2\. The measure of art is defined by the intrinsic quality of the piece.

I think that art is more than the piece itself and includes the context in
which it was created and the way it is presented.

In the case of this album, I think that the business model, the current piracy
context and even the gilded box contribute to a very interesting piece of
artwork. Whether or not the album 'sounds good' is only one piece of the
genius of this work.

To say that the Wu-Tang Clan is missing the issue with respect to music's
exclusivity is totally beside the point. This is something entirely new, with
a powerful statement in a very interesting context. For all we know, the
entire album could be a bunch of farm animals and gun shots[1][2] and this
would still be a great piece of artwork.

1: [http://www.metafilter.com/73403/Something-Awful-Forum-
Hilari...](http://www.metafilter.com/73403/Something-Awful-Forum-Hilariously-
Hijacks-CBC-Anthem-Contest)

2:
[https://www.youtube.com/watch?v=VbZMnF1VNlE](https://www.youtube.com/watch?v=VbZMnF1VNlE)

------
liquidise
Disclaimer: personal opinion and generalizations to follow. Because art.

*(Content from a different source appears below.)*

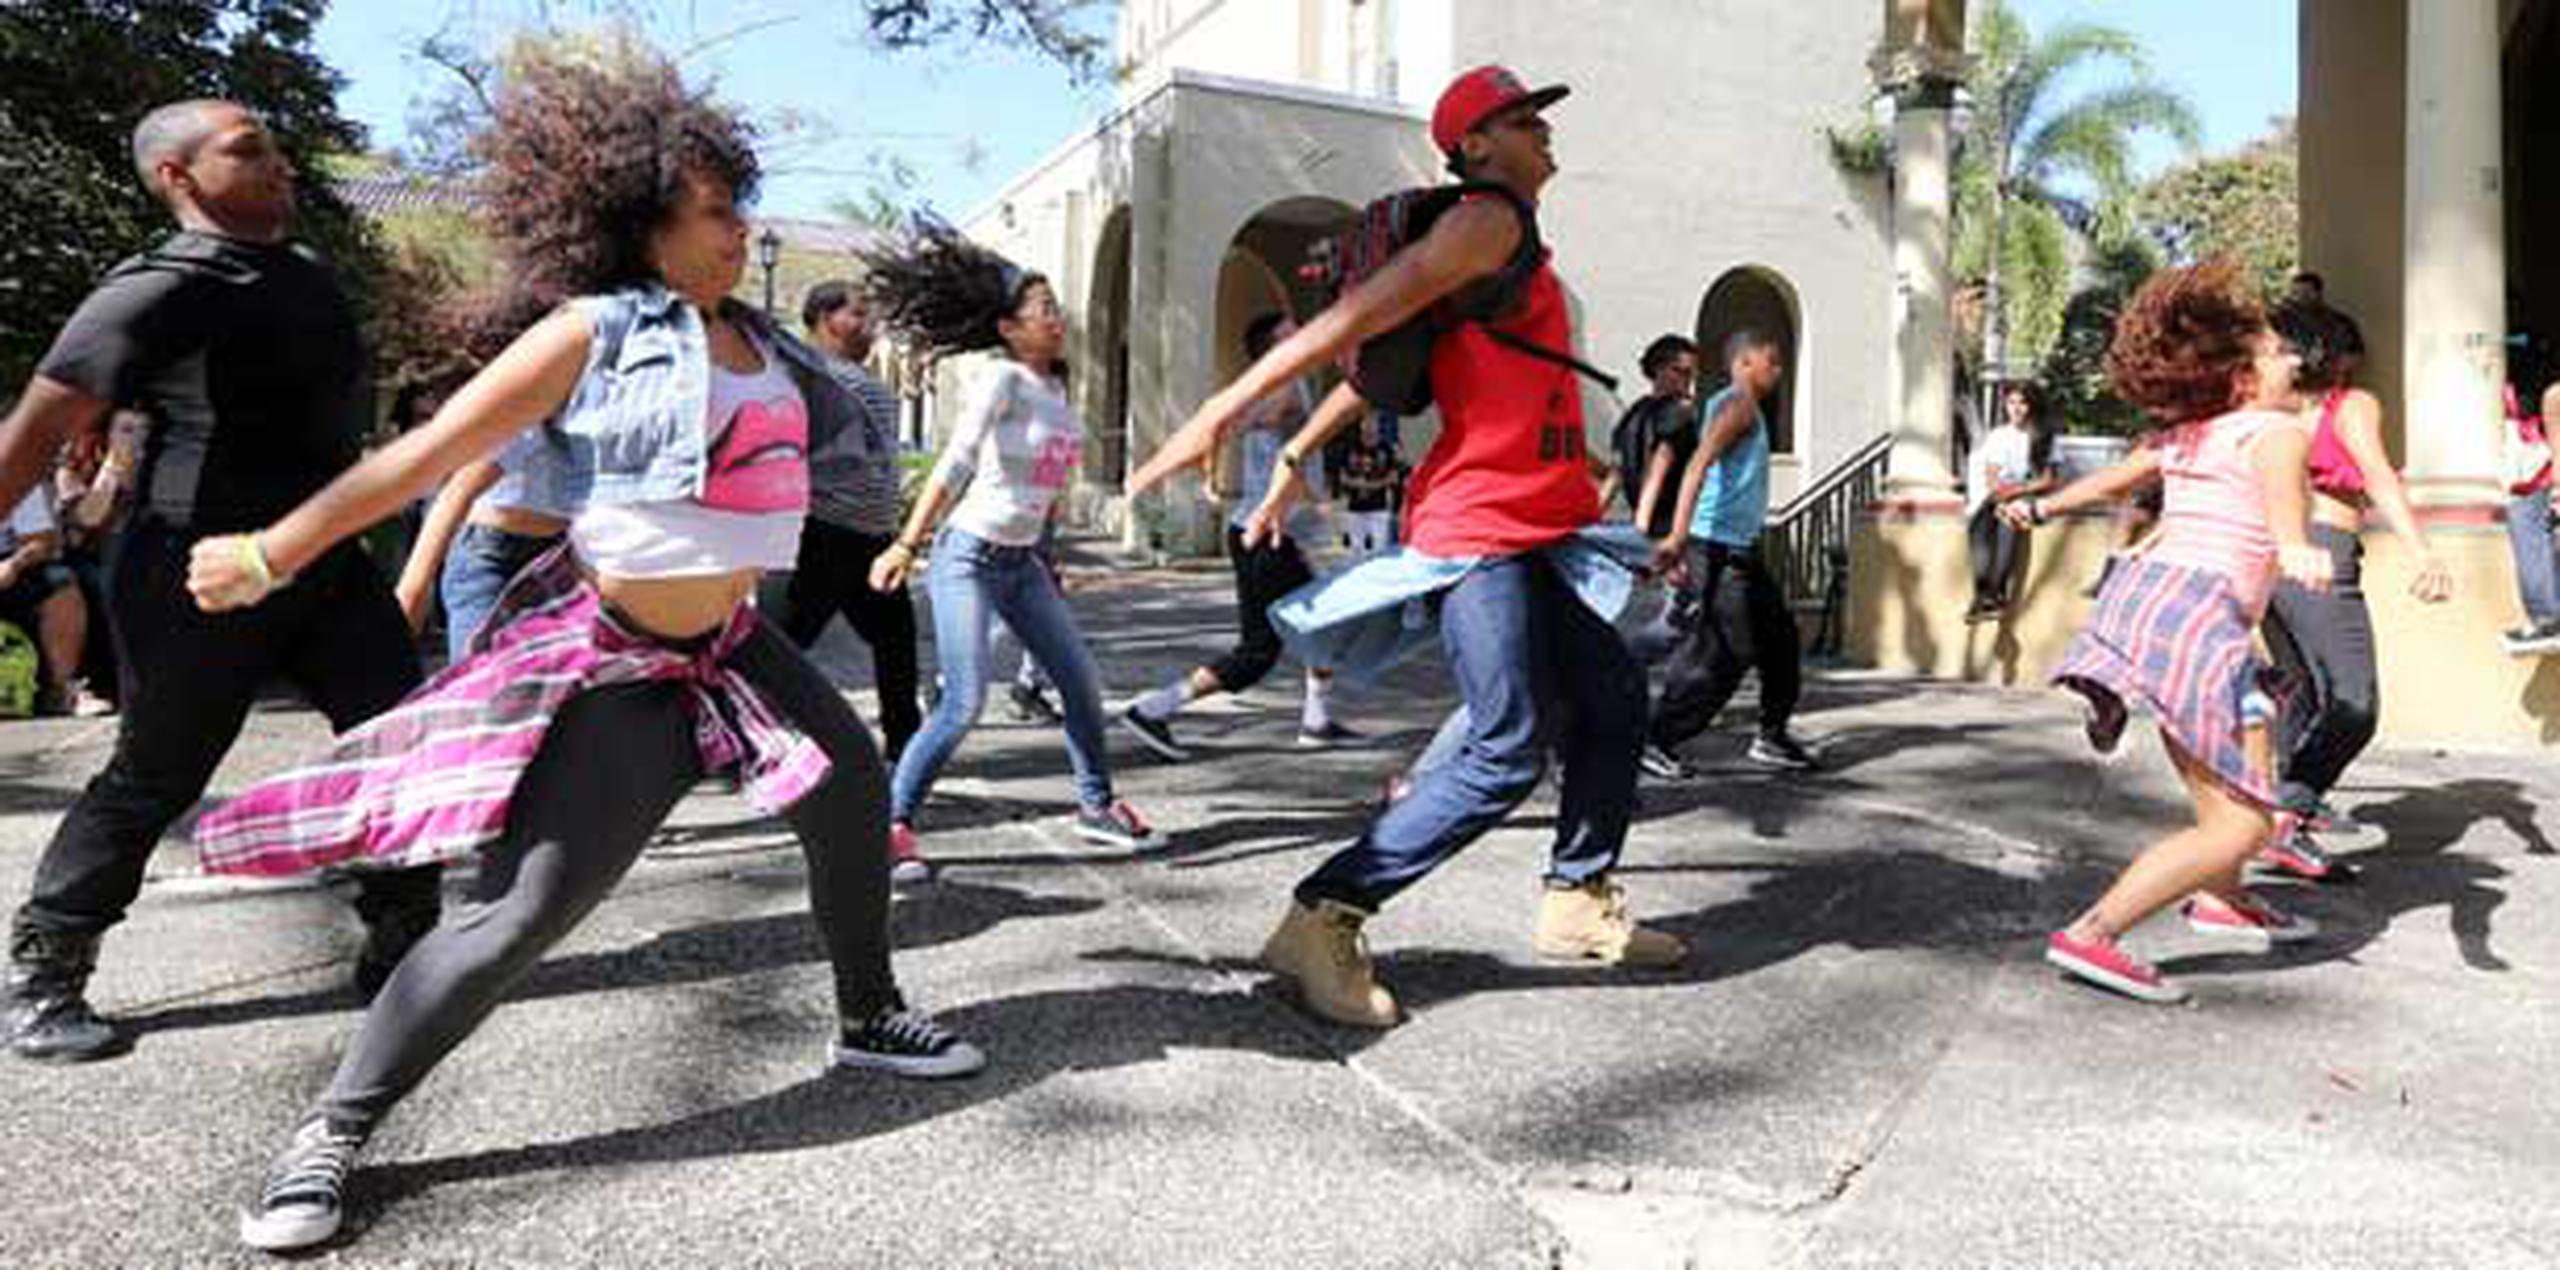 os bailarines, que son miembros de la Cooperativa Juvenil Comunal para el Desarrollo de las Artes, Recreación y Empresarismo (Coopare), realizaron durante el transcurso del día unas seis manifestaciones de baile urbano, tipo “flash mob”. (juan.martinez@gfrmedia.com)
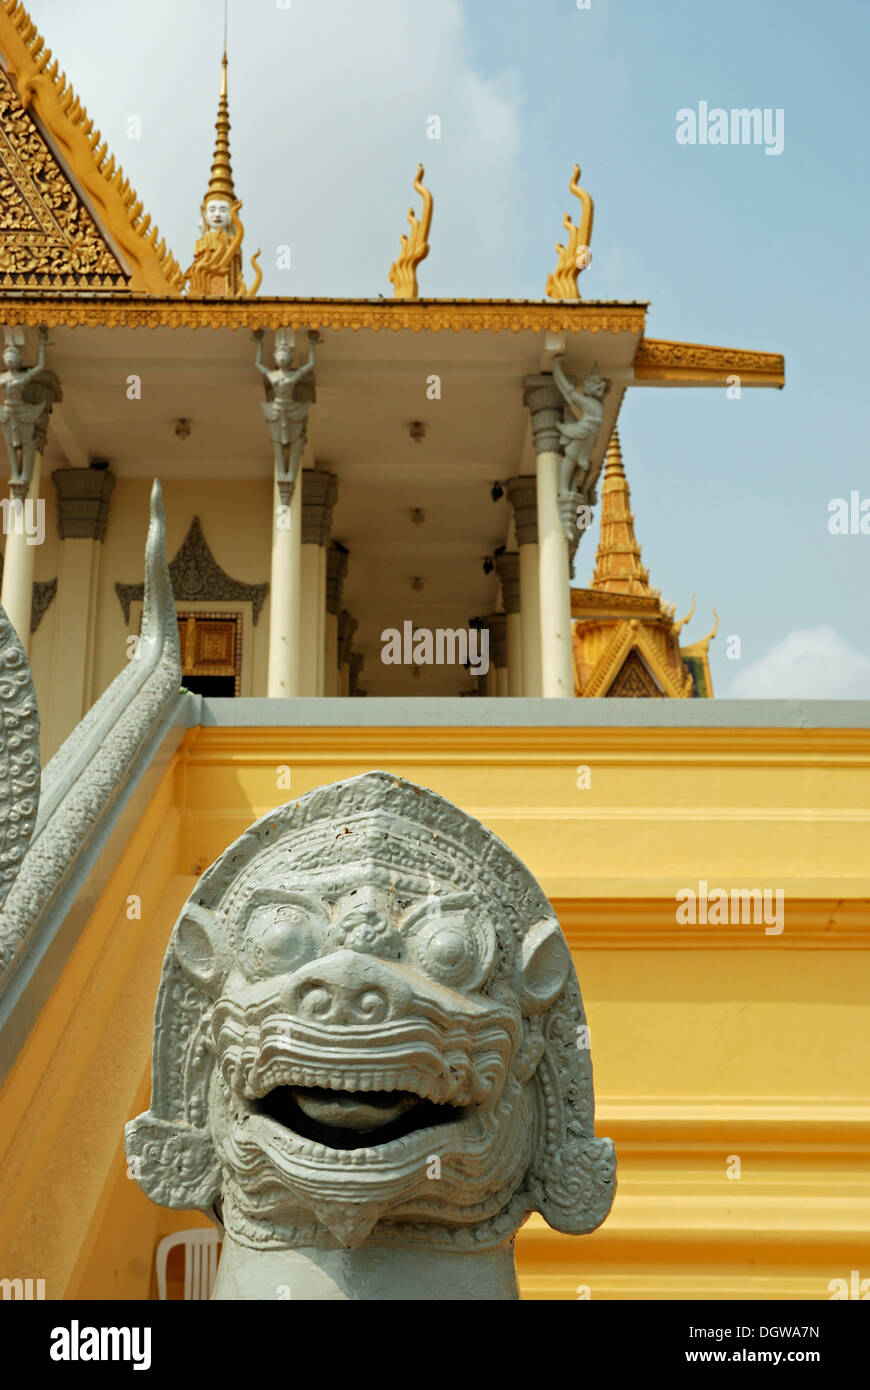 A Naga at the Royal Palace, Phnom Penh, Cambodia. Stock Photo

Under the umbrella of art, there are artists, and a subcategory of
entertainers/performance artists. Music, because of the visceral reactions it
elicits, tends to be best experienced in a live setting. The animation and
general atmosphere of the crowd brings a lot to the emotional table that is
lost elsewhere, including home listening rooms.

All this said, i get the idea they are aiming for, but it strikes me as the
wrong presentation of the medium. Just as framed oils on canvas have a desired
display in galleries that has been refined over centuries, music has a
pinnacle presentation, and it does not include headphones.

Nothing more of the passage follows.